WORK REQUEST:
Beginning with the line that contains "DIAREX Hohlbohrer Helix" and ending with the line that contains "Overførselsassistent på Mac: Vælg", reproduce the lines of the entries below exactly, omitting pictures.

INPUT DATA:
****
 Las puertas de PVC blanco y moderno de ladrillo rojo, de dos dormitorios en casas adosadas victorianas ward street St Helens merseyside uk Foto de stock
****
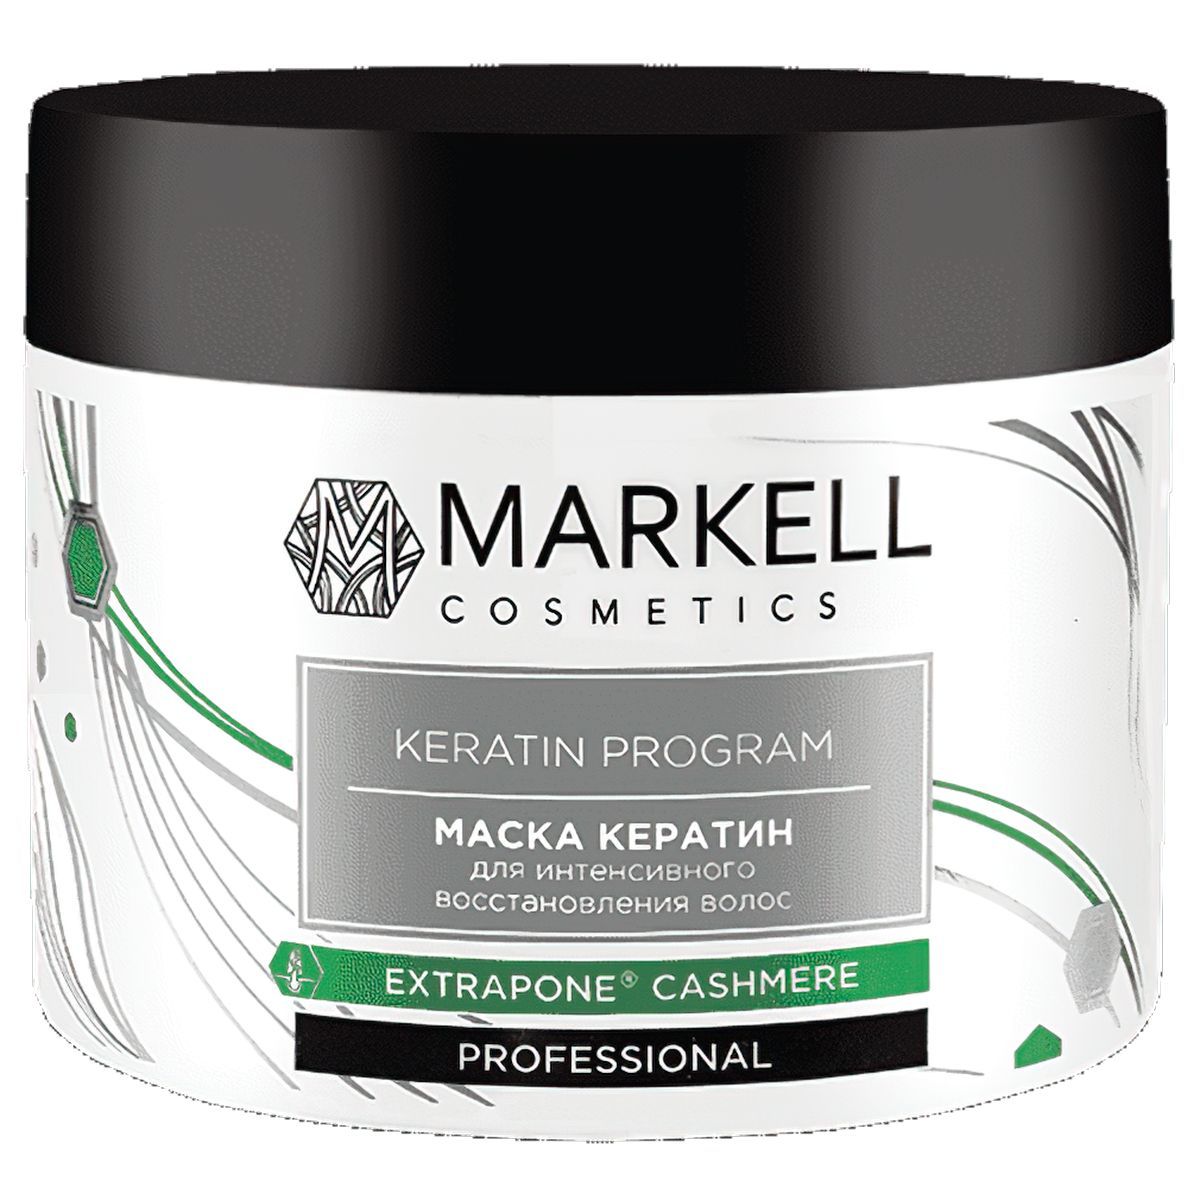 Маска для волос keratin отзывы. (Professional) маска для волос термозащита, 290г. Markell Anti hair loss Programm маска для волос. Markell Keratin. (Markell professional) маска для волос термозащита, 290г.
****
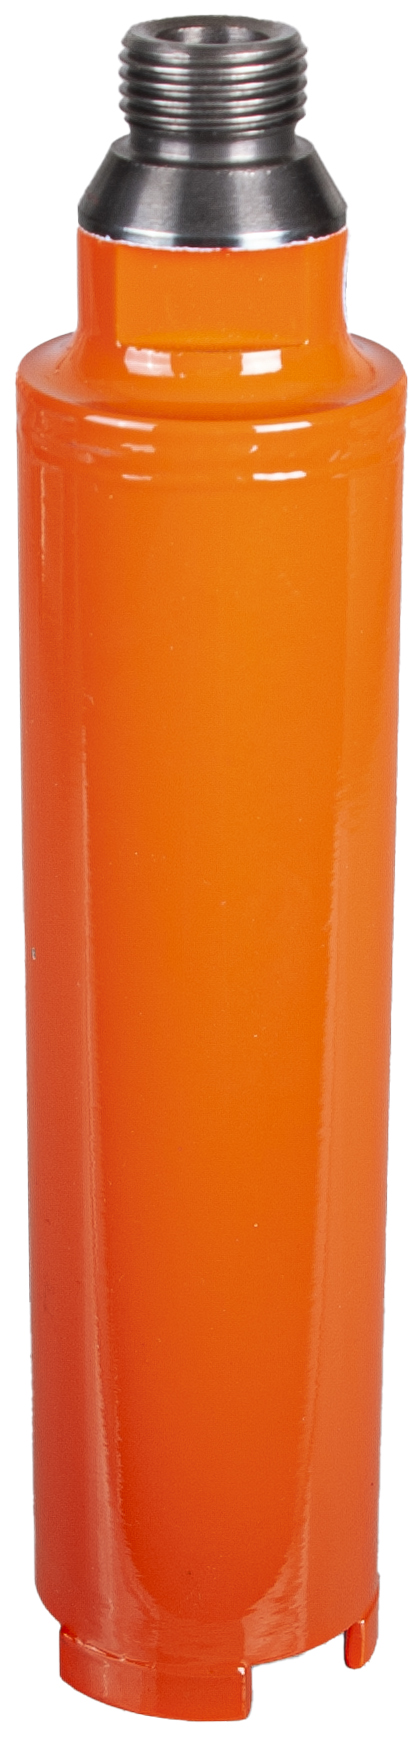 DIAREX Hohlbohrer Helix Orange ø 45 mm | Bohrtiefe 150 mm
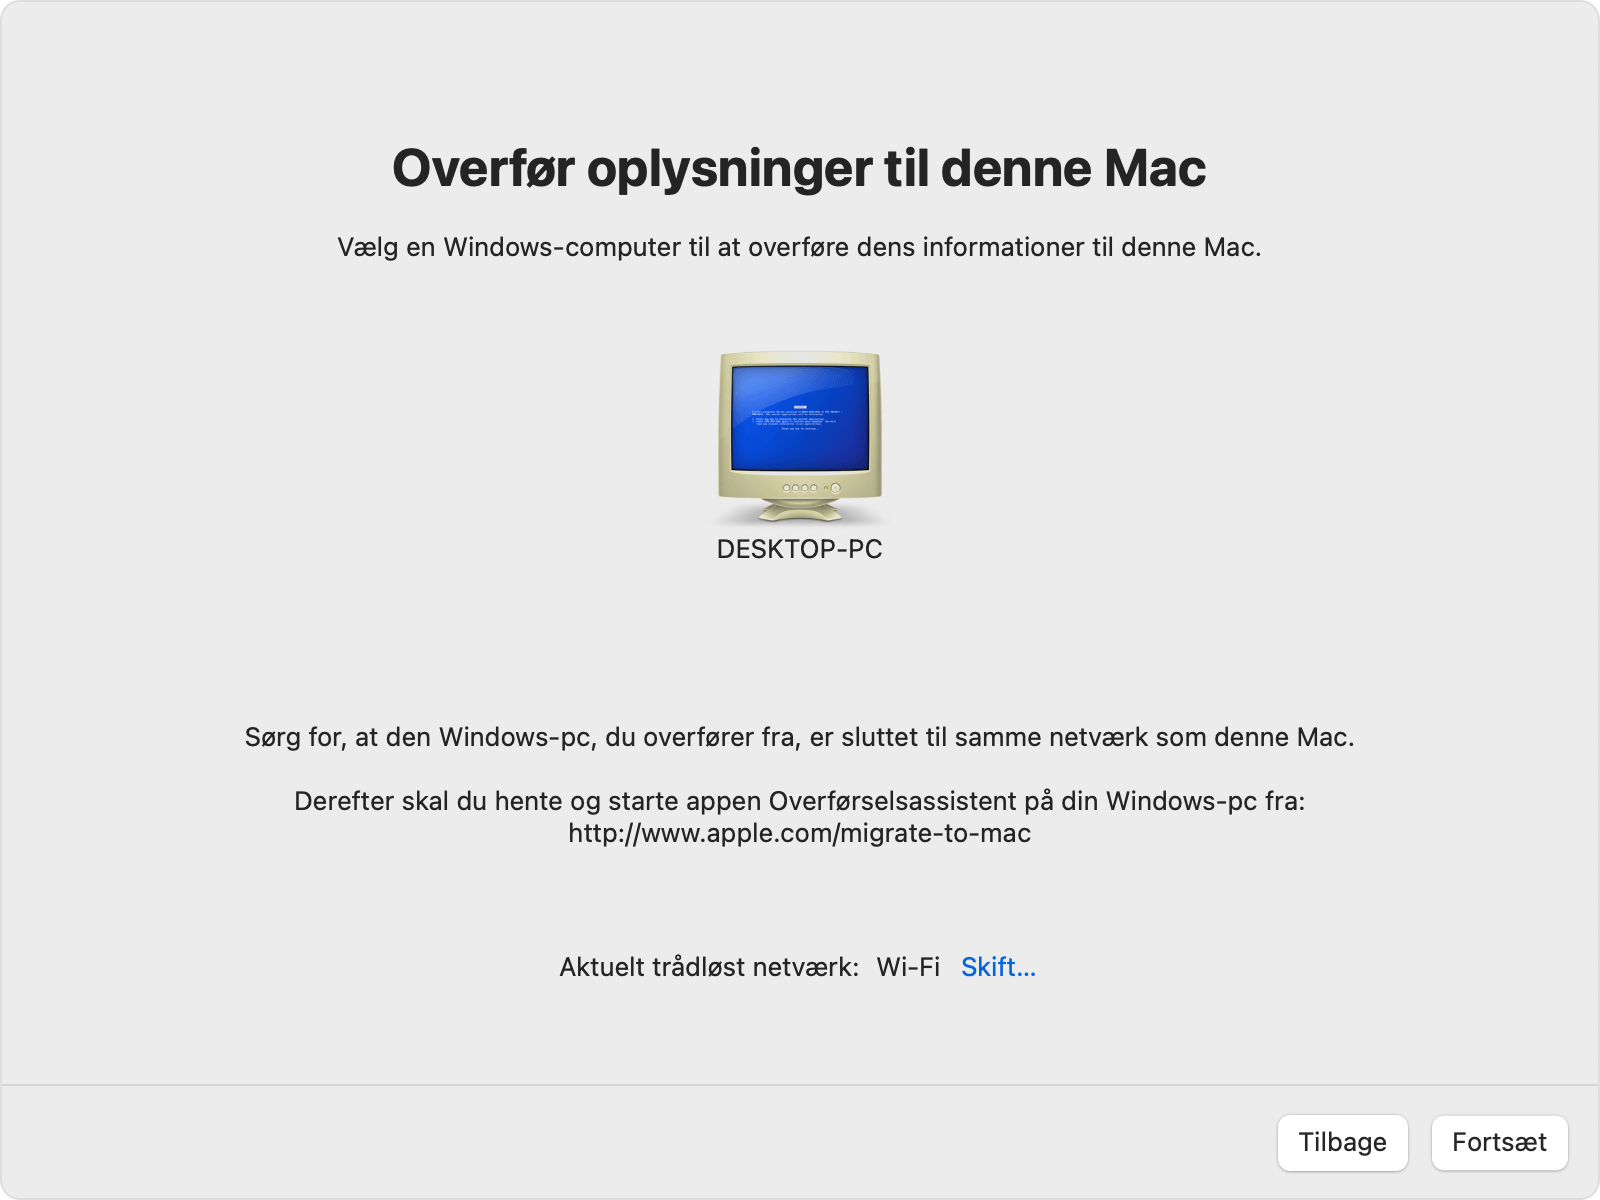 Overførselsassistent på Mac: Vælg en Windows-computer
****
PROBLEM SOLUTION:
 DIAREX Hohlbohrer Helix Orange ø 45 mm | Bohrtiefe 150 mm
 Overførselsassistent på Mac: Vælg en Windows-computer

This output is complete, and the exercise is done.